2. It will never learn your brand language or voice
When you hire a human writer, it might take them a few months before they’re confidently channeling your brand voice without heavy guidance or editing. Sadly, GPT-3 will never learn your brand voice. The mistakes it makes on day one will be the same mistakes it makes on day 2,346.
Talkoot’s language model can be trained on just your branded content alone—which means it will begin, day –one, with a good handle on how you like to speak about your products. And, just like a human writer, the more you use Talkoot, the better it will get at matching your brand voice.
3. Your content could show up in competitors’ copy and theirs can show up in yours
Since these models are trained with information from the whole internet and you and your competitors have similar products, it’s very likely you’ll see bits and pieces of your competitor’s language showing up in your product copy. In our tests, the AI would often talk explicitly about a competitor’s benefits, features and technologies, calling them out by name.
Because Talkoot is trained using your product copy only, your verbal identity is yours alone. Your competitors’ keywords and unique brand language will never show up in your copy.
4. It can’t write different copy for different consumers/collections/channels, etc.
As most online retailers grow, they need to fuel that growth by adding new collections, channels, and consumer segments. Often these different consumer segments buy for very different reasons. They also want to be talked to in a different way.
For instance, it takes a very different product description to sell a running shoe to a runner than it does a sneaker to a collector. With GPT-3 there’s no way, outside lots of heavy editing, to make sure you’re speaking in the right tone and communicating the right information to the right target consumer.

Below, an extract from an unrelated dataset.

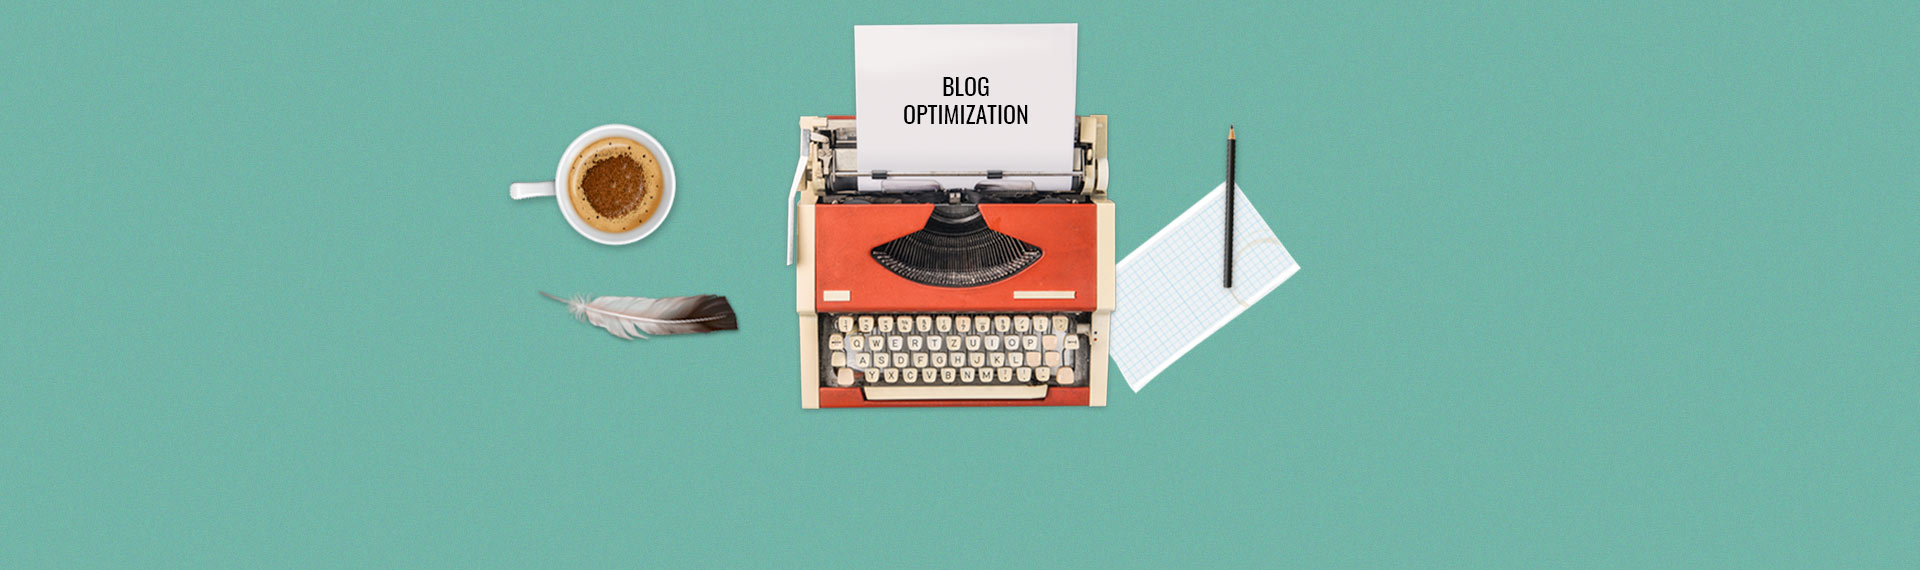 Blog Optimization

With Talkoot, instead of relying on a single language model for your entire store, you can spin up as many writers as you need. You can have one AI writer that specializes in your volume drivers and another that specializes in your halo products. You can have one that writes all your Star Wars licensed products and another for your Mickey Mouse merchandise.
For those editing your AI copywriting, Talkoot also offers a feature called BrandCenter. BrandCenter is basically an automated creative director built into Talkoot. It continually monitors your product copy for incorrect terminology, banned phrases and clichéd marketing speak, then offers up legally approved, on-brand alternatives.
5. You need to provide a specific type of input for each product
Each type of copy produced with these general-purpose tools requires a specific, predefined set of input as prompts to the AI writer. This makes sense when you need copy for just a handful of products. But when you’re dealing with hundreds or thousands of products on an ongoing basis, providing additional input for each product can add up to a lot of additional labor.
Talkoot can be trained to work with the product data you already have. Once we’ve mapped our language models to your data, you only need to upload your data in the same format every time to get results.
Better yet, Talkoot integrates with many of the most popular ecommerce platforms, PLMs and PIMs, so those dataflows can be fully automated.
6. General-purpose AI tools are jack of all trades, master of none
Beyond the drawbacks of using GPT-3 for your product copy, the very way these tools are designed makes them ok at lots of things, but not great at any one thing. Personally, all the tools that I love most in my work life are optimized to the specific task I need them to do. Which is exactly why we built Talkoot.
Before Talkoot there was no tool built specifically for high-speed, high-volume, high-quality product content production. Talkoot is built so you can get the best out of your entire team. AI writers and human writers, editors and approvers have everything they need to work effortlessly together.